From the listing below, output only the lines starting at the line that has "dol starter circuit" and ending at the line that has "Figure US06180560-20010130-C00254", exactly as they appear, ends included.
##### MATERIAL SHOWN
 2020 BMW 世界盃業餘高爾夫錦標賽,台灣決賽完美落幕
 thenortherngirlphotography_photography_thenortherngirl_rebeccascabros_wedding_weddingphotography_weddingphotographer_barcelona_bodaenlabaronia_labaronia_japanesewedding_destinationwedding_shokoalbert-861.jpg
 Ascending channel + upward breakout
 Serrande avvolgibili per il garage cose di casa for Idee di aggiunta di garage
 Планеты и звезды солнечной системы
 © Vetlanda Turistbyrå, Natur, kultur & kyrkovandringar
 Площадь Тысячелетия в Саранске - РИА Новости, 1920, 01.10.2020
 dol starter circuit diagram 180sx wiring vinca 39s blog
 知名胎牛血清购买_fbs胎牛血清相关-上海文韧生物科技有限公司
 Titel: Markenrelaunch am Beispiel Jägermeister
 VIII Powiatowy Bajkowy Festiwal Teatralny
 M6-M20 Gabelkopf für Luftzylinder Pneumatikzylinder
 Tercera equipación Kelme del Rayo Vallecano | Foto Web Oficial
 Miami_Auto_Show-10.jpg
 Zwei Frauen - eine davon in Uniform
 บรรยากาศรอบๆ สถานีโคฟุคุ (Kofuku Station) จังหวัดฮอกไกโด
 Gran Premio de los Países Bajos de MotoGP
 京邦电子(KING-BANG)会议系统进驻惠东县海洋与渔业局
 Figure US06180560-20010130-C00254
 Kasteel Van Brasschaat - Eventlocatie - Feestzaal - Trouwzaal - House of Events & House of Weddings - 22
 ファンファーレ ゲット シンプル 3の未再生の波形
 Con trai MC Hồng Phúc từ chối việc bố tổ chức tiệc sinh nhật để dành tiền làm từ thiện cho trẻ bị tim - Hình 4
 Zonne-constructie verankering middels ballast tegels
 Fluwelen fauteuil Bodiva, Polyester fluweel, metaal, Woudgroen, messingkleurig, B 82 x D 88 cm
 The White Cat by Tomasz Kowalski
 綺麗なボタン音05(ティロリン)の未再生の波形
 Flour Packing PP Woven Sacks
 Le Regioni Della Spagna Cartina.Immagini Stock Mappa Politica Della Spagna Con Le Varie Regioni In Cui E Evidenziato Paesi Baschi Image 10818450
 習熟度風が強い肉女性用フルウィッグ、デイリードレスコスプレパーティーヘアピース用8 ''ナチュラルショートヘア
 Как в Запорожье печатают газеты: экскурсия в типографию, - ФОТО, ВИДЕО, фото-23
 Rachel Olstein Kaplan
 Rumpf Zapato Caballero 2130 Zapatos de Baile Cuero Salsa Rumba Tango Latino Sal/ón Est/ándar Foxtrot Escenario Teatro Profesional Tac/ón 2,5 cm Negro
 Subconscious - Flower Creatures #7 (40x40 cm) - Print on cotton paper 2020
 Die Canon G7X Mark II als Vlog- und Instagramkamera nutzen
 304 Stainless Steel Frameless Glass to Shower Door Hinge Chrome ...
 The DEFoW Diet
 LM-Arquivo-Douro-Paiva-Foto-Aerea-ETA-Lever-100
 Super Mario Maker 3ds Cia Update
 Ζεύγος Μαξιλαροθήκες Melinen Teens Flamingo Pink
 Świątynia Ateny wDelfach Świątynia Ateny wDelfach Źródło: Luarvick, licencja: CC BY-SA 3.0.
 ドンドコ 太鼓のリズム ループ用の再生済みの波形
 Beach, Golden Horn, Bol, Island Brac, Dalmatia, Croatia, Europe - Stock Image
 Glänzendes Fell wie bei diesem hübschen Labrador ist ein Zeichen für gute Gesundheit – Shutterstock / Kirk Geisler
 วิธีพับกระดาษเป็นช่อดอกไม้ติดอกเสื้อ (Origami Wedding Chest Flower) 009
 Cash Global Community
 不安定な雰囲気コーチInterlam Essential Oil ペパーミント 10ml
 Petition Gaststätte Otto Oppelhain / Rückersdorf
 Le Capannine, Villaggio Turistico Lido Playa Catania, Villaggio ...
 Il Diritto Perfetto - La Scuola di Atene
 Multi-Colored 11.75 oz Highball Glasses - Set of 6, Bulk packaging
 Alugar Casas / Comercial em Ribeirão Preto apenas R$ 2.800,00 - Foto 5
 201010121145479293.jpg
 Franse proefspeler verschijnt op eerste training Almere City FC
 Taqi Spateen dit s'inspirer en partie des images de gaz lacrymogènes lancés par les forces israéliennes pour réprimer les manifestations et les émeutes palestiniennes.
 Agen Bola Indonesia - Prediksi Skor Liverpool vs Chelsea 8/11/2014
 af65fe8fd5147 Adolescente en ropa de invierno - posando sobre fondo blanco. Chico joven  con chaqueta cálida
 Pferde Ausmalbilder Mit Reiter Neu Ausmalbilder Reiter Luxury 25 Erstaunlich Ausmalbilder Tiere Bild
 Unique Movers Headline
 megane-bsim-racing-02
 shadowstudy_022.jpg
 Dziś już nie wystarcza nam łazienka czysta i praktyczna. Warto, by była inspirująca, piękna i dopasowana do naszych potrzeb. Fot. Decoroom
##########
REPLY TO THE TASK
 dol starter circuit diagram 180sx wiring vinca 39s blog
 知名胎牛血清购买_fbs胎牛血清相关-上海文韧生物科技有限公司
 Titel: Markenrelaunch am Beispiel Jägermeister
 VIII Powiatowy Bajkowy Festiwal Teatralny
 M6-M20 Gabelkopf für Luftzylinder Pneumatikzylinder
 Tercera equipación Kelme del Rayo Vallecano | Foto Web Oficial
 Miami_Auto_Show-10.jpg
 Zwei Frauen - eine davon in Uniform
 บรรยากาศรอบๆ สถานีโคฟุคุ (Kofuku Station) จังหวัดฮอกไกโด
 Gran Premio de los Países Bajos de MotoGP
 京邦电子(KING-BANG)会议系统进驻惠东县海洋与渔业局
 Figure US06180560-20010130-C00254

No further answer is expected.